» Task item: The whole listing below needs to be duplicated exactly, pictures aside.

» Dataset extract:
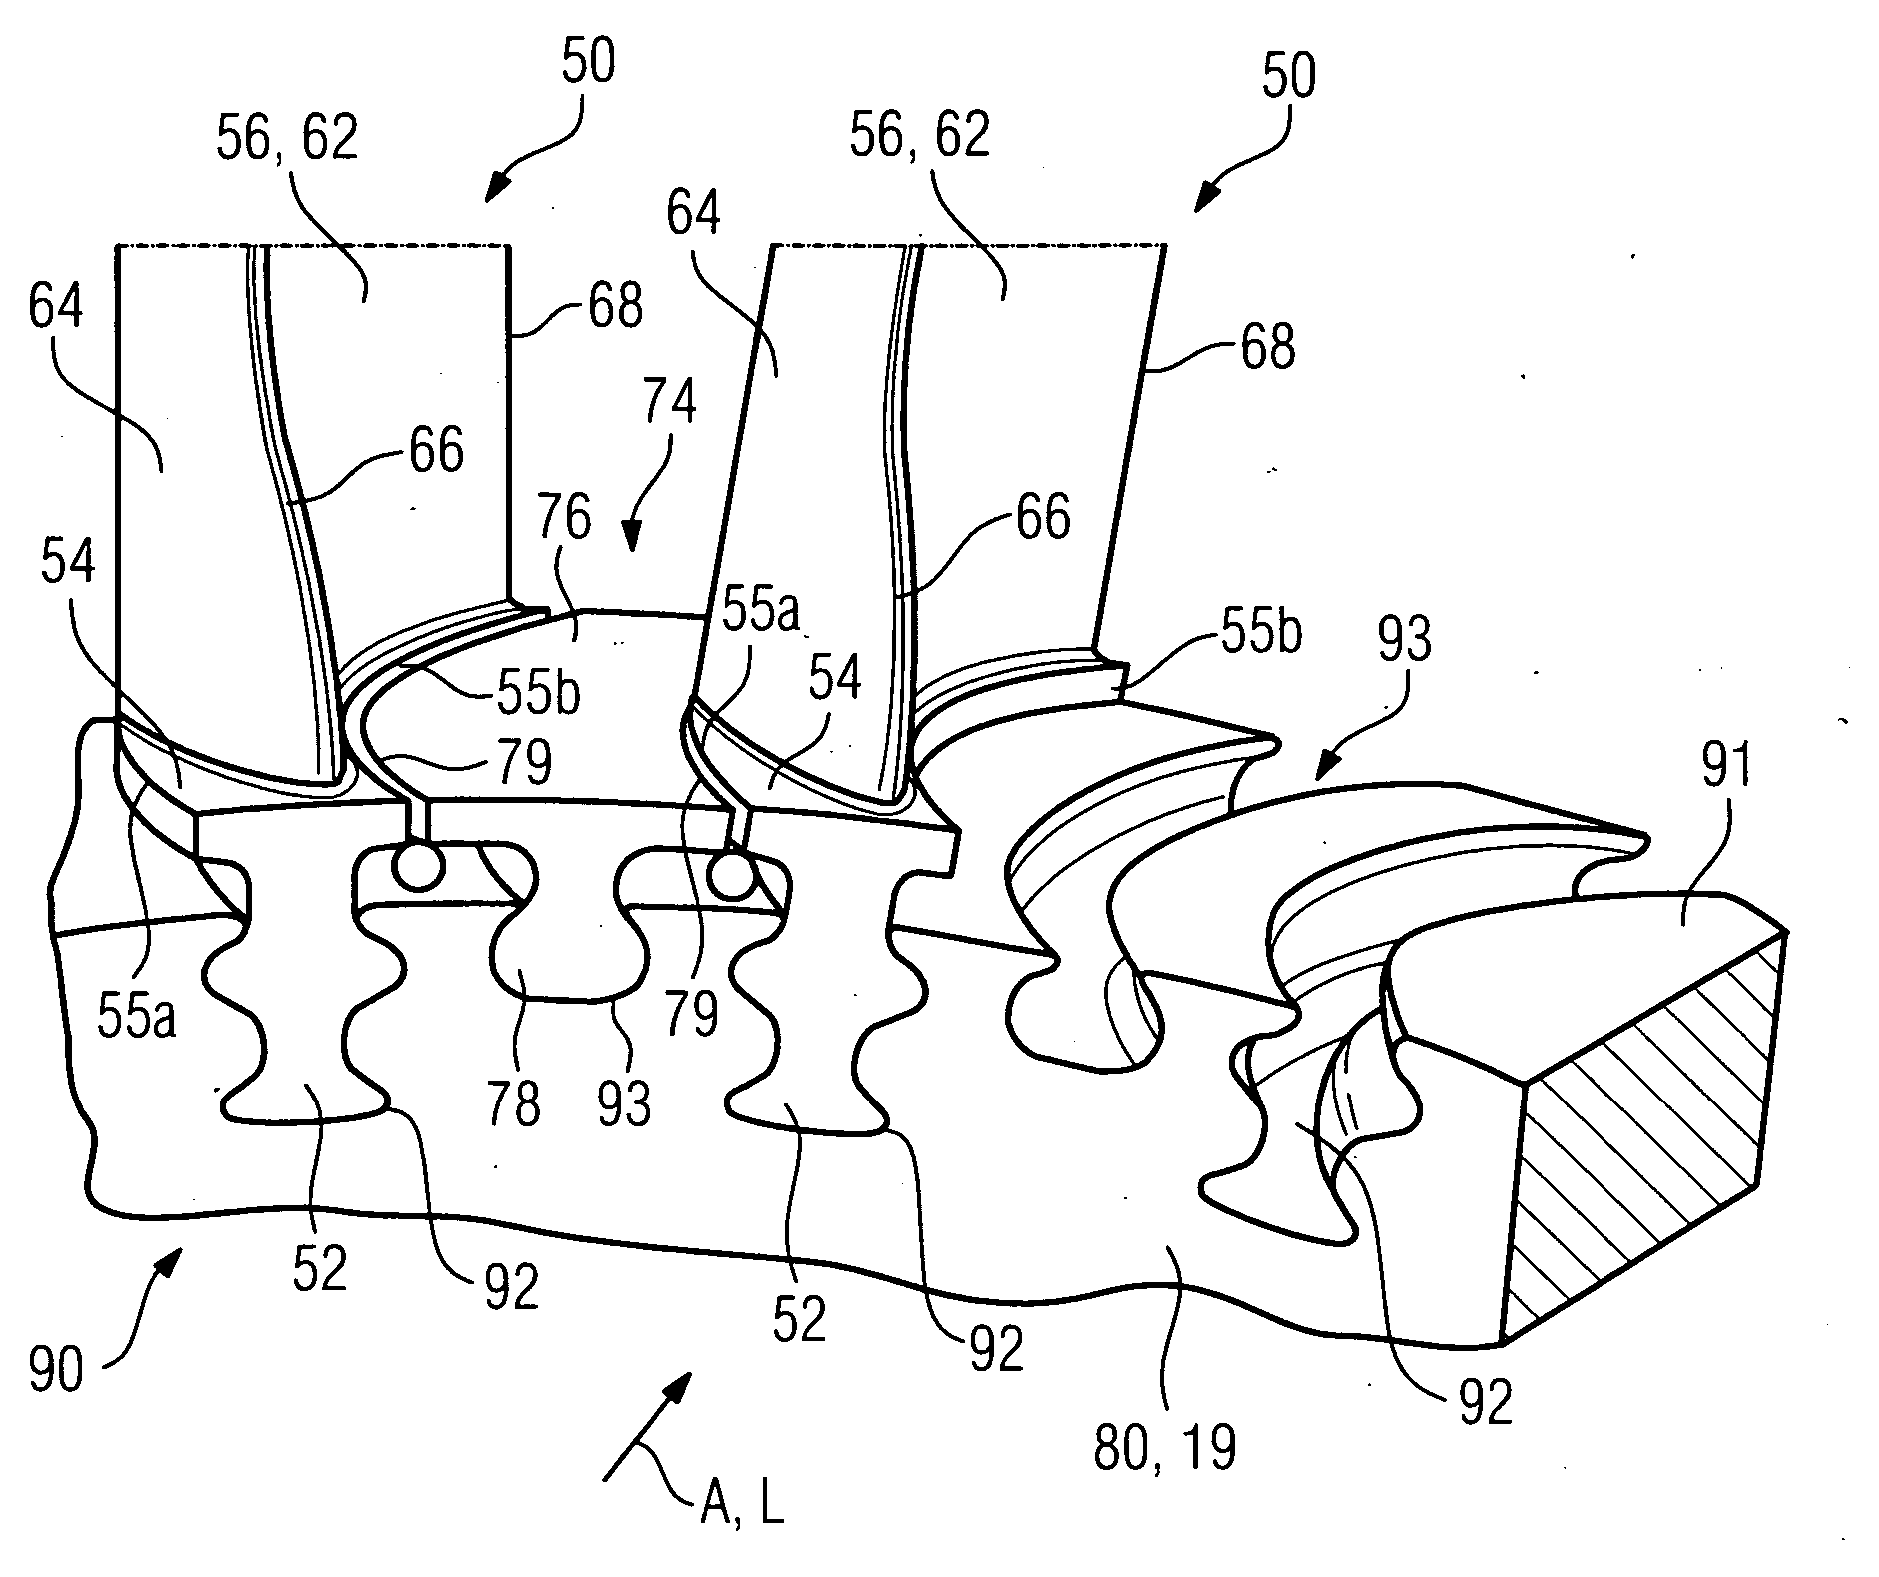 Gas turbine blade or vane and platform element for a gas turbine blade or vane ring of a gas turbine, supporting structure for securing gas turbine blades or vanes arranged in a ring, gas turbine blade or vane ring and the use of a gas turbine blade or vane ring
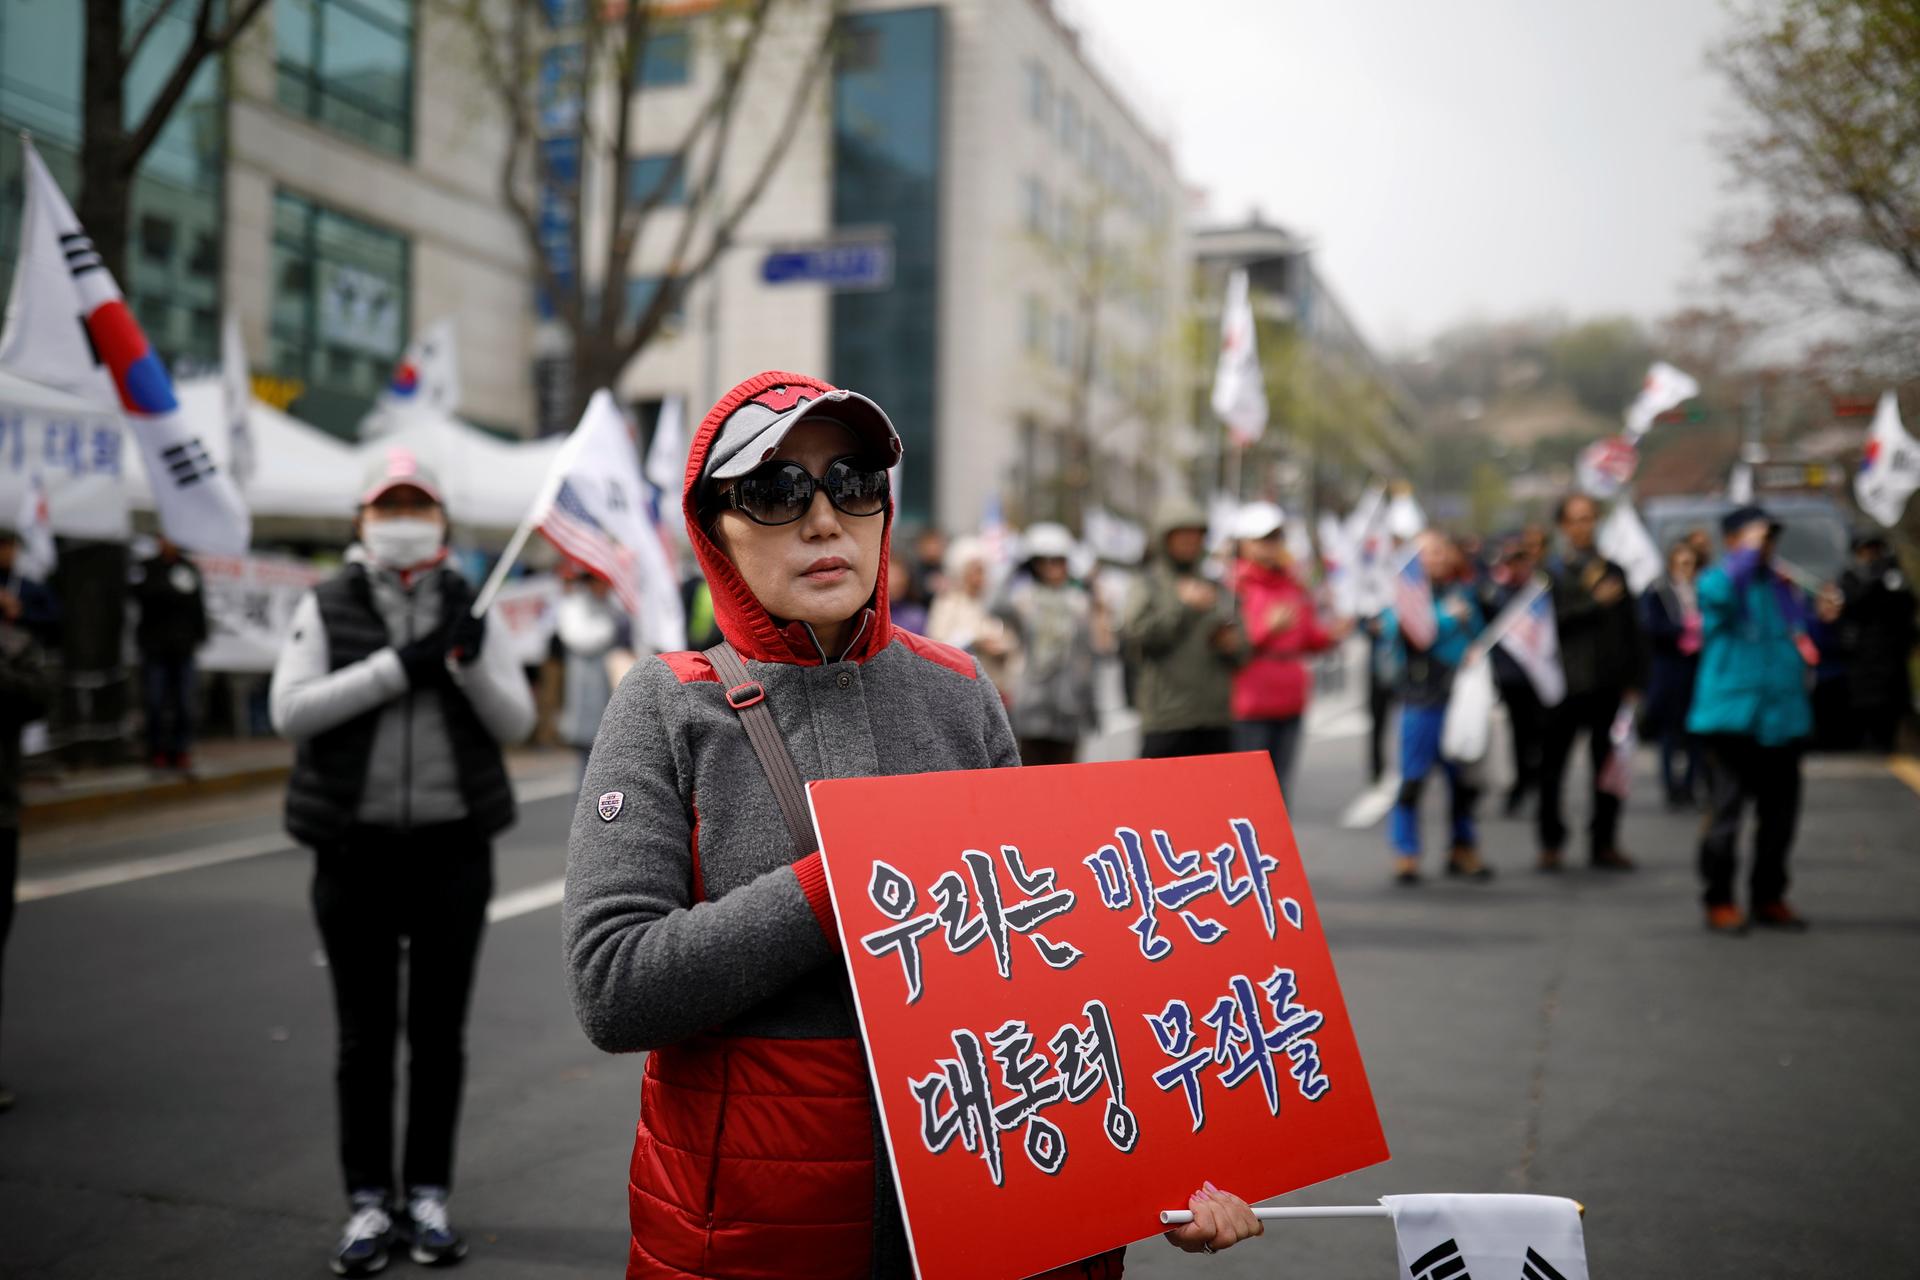 Members of a conservative civic group carry South Korean flags and placards in a street protest to support ousted President Park Geun-hye.
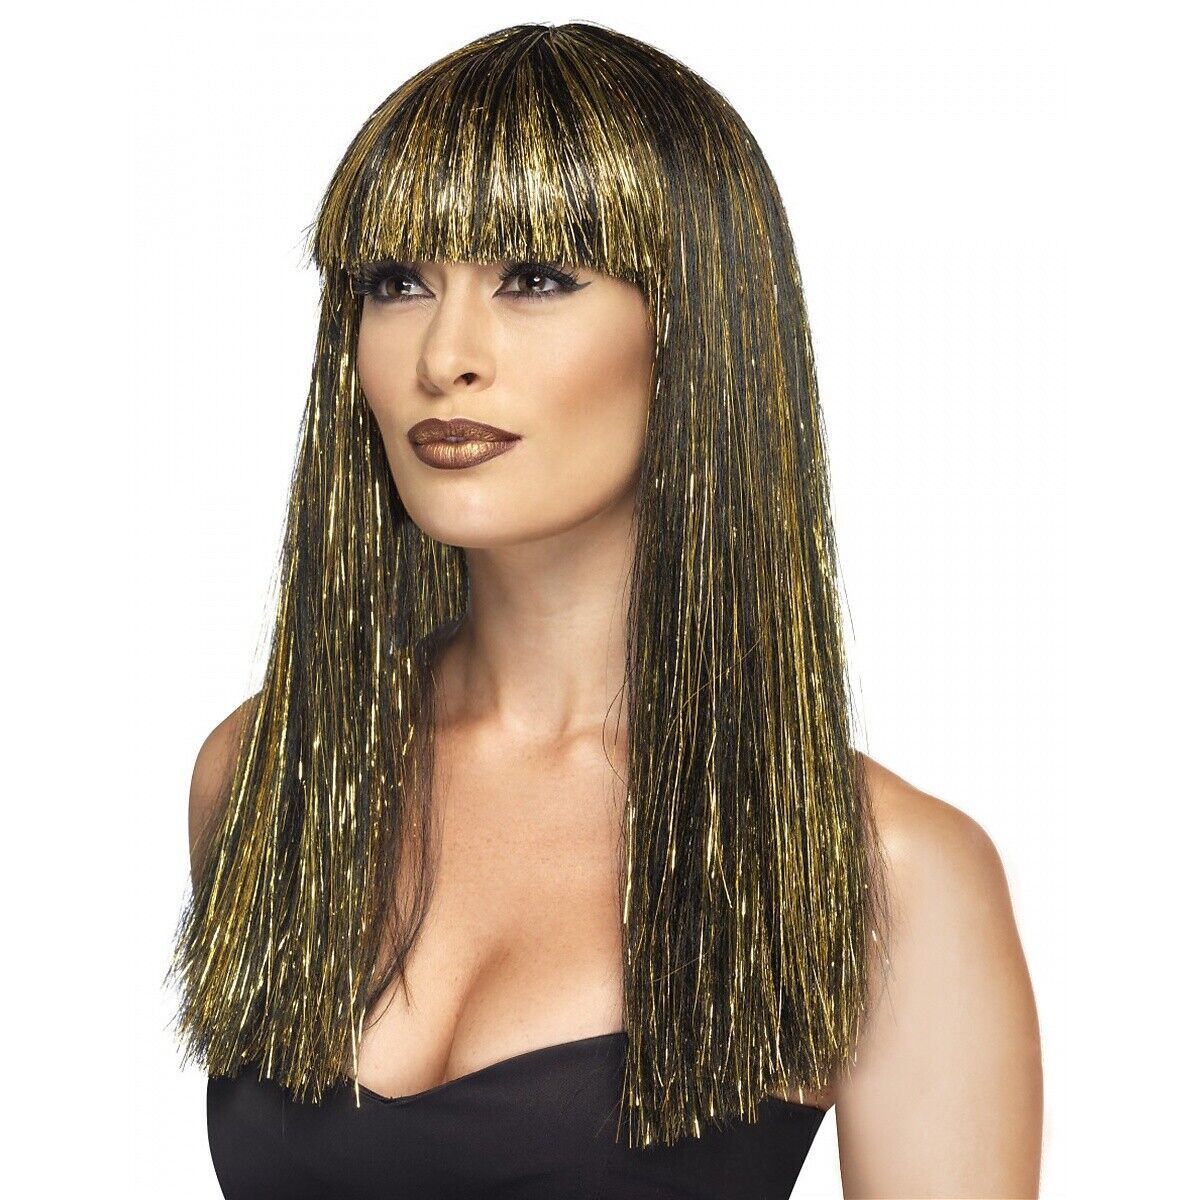 Egyptian Wig For Adult Womens Goddess Cleopatra Costume Halloween Fancy Dress
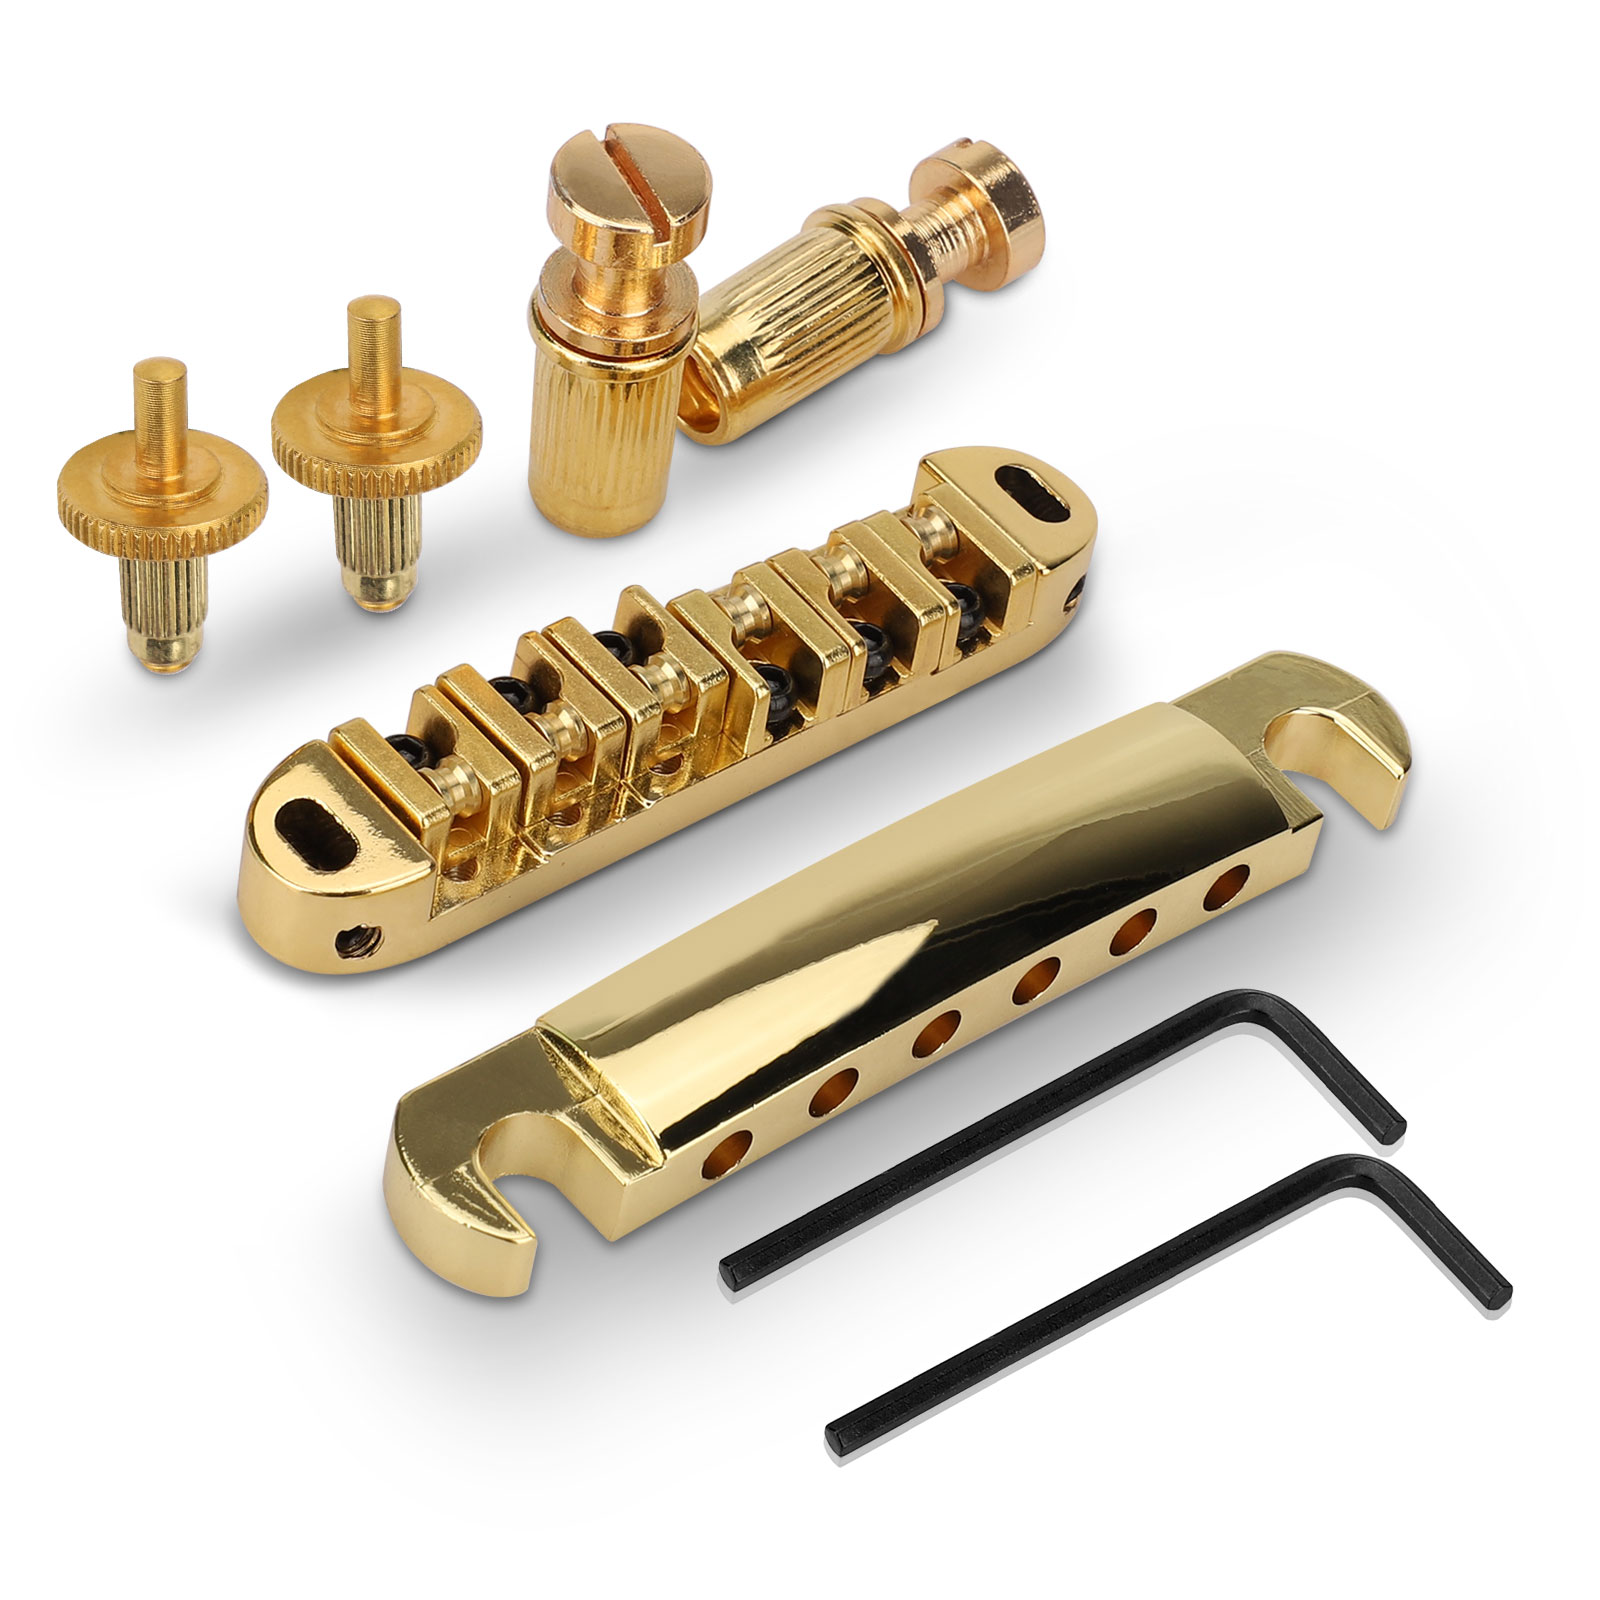 Brass Roller Saddle TOM Bridge & Tail-piece with Large Metic Studs Posts for Les Paul Style Electric Guitars Lion Pattern Chrome LAMSAM ABR-1 Style Tune-o-matic Bridge Stop Tailpiece Combos

» Written solution:
 Gas turbine blade or vane and platform element for a gas turbine blade or vane ring of a gas turbine, supporting structure for securing gas turbine blades or vanes arranged in a ring, gas turbine blade or vane ring and the use of a gas turbine blade or vane ring
 Members of a conservative civic group carry South Korean flags and placards in a street protest to support ousted President Park Geun-hye.
 Egyptian Wig For Adult Womens Goddess Cleopatra Costume Halloween Fancy Dress
 Brass Roller Saddle TOM Bridge & Tail-piece with Large Metic Studs Posts for Les Paul Style Electric Guitars Lion Pattern Chrome LAMSAM ABR-1 Style Tune-o-matic Bridge Stop Tailpiece Combos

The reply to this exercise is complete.